◆ **Data shown**
==============================
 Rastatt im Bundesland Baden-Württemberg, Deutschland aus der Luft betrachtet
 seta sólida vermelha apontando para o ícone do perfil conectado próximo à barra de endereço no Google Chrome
==============================
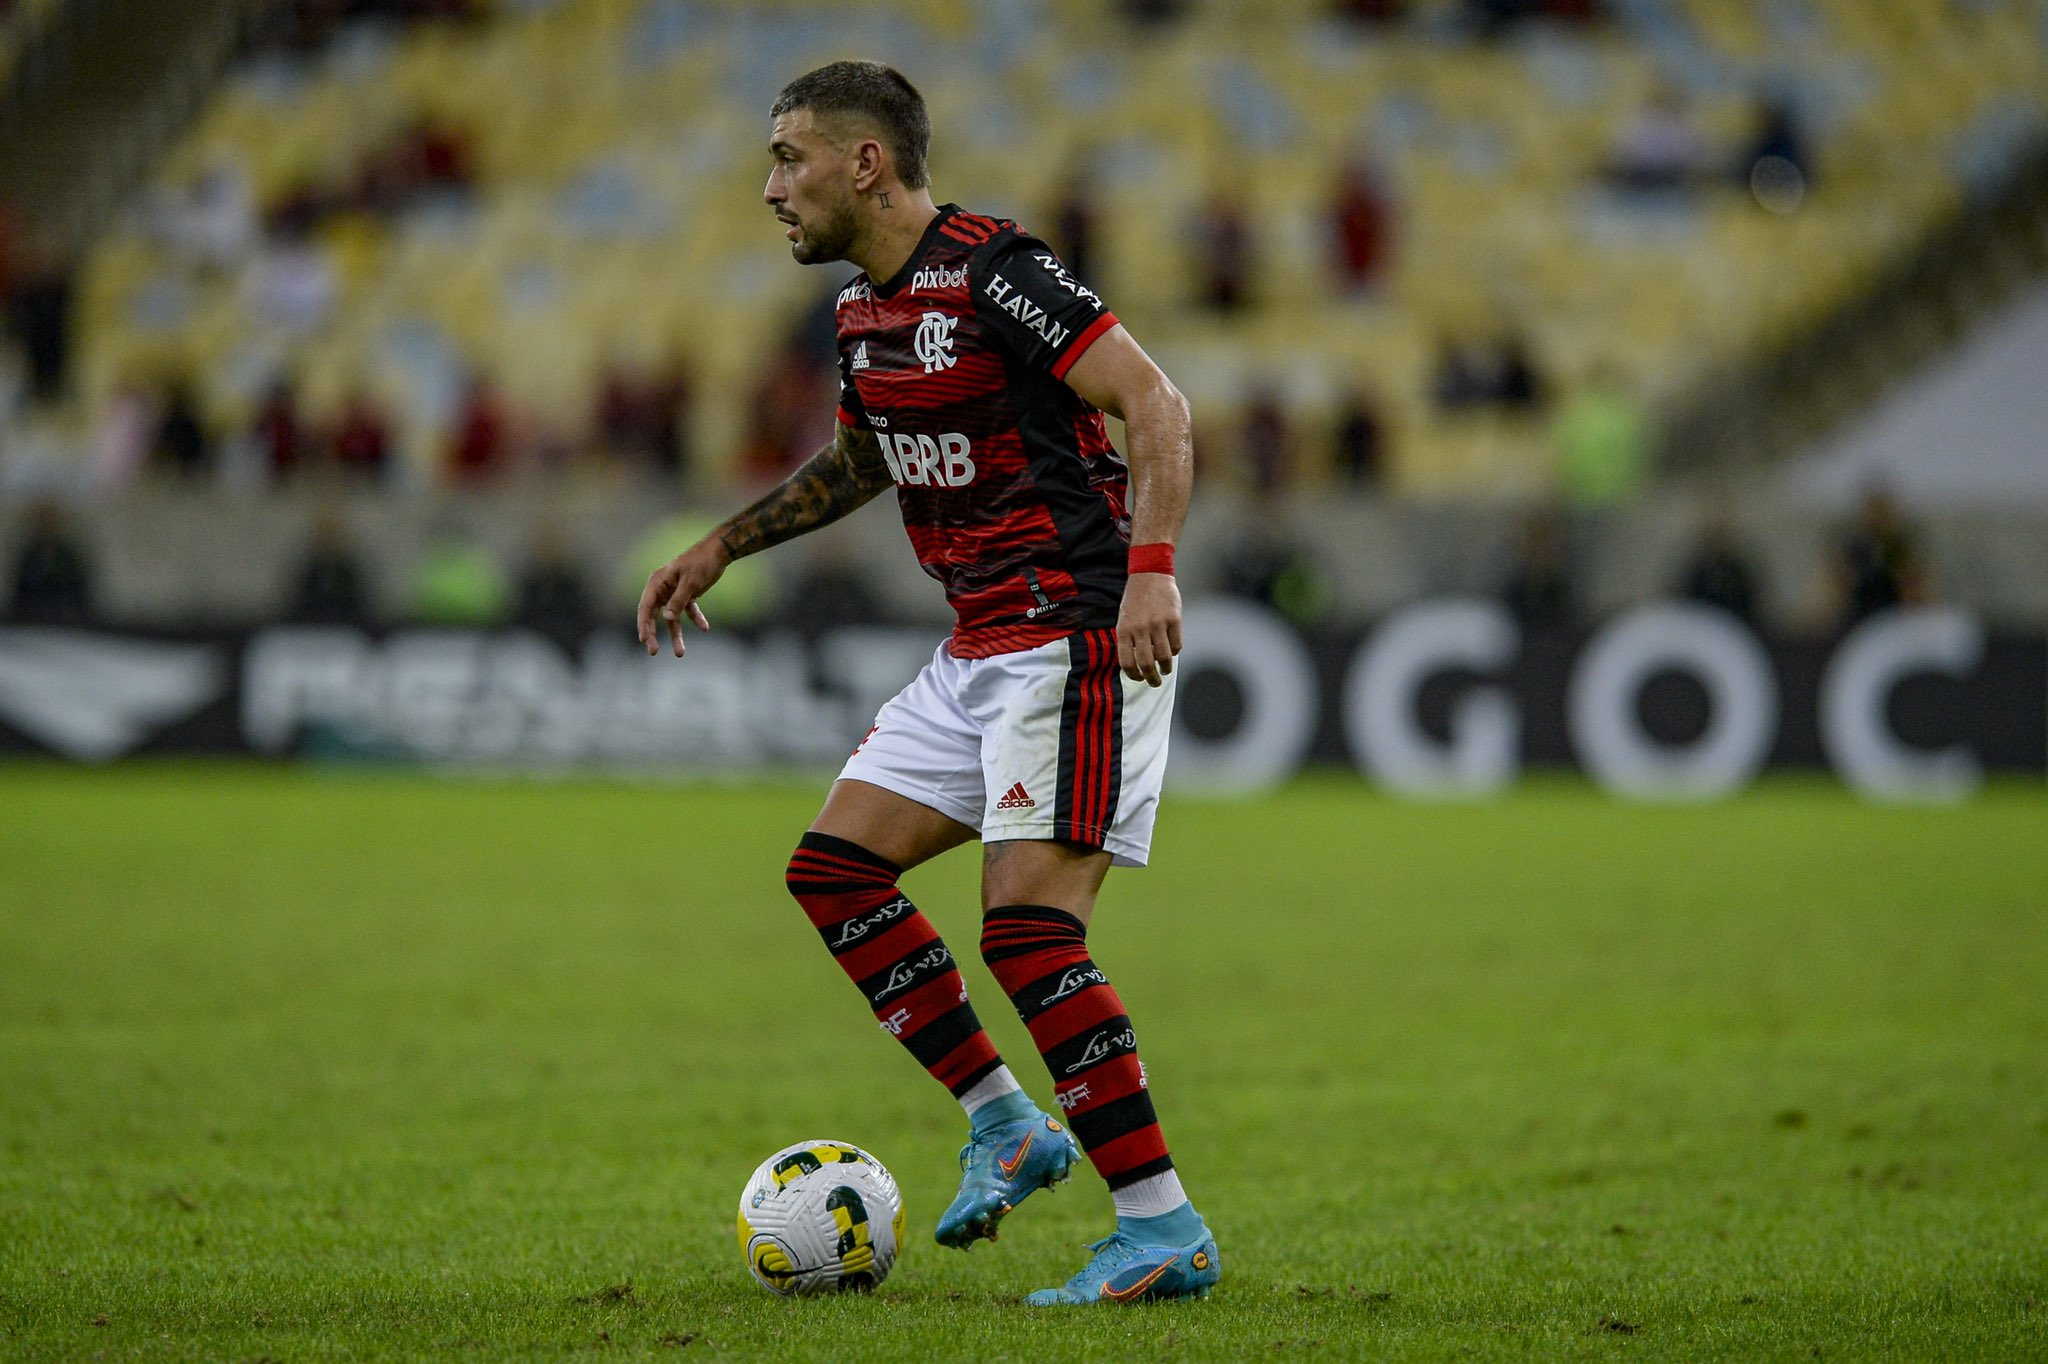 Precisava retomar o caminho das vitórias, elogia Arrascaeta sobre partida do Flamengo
==============================
Among the entries above, copy exactly only the lines starting with the one containing "Rastatt im Bundesland" and going through the one containing "seta sólida vermelha", both ends included.

◆ **Expected output**
 Rastatt im Bundesland Baden-Württemberg, Deutschland aus der Luft betrachtet
 seta sólida vermelha apontando para o ícone do perfil conectado próximo à barra de endereço no Google Chrome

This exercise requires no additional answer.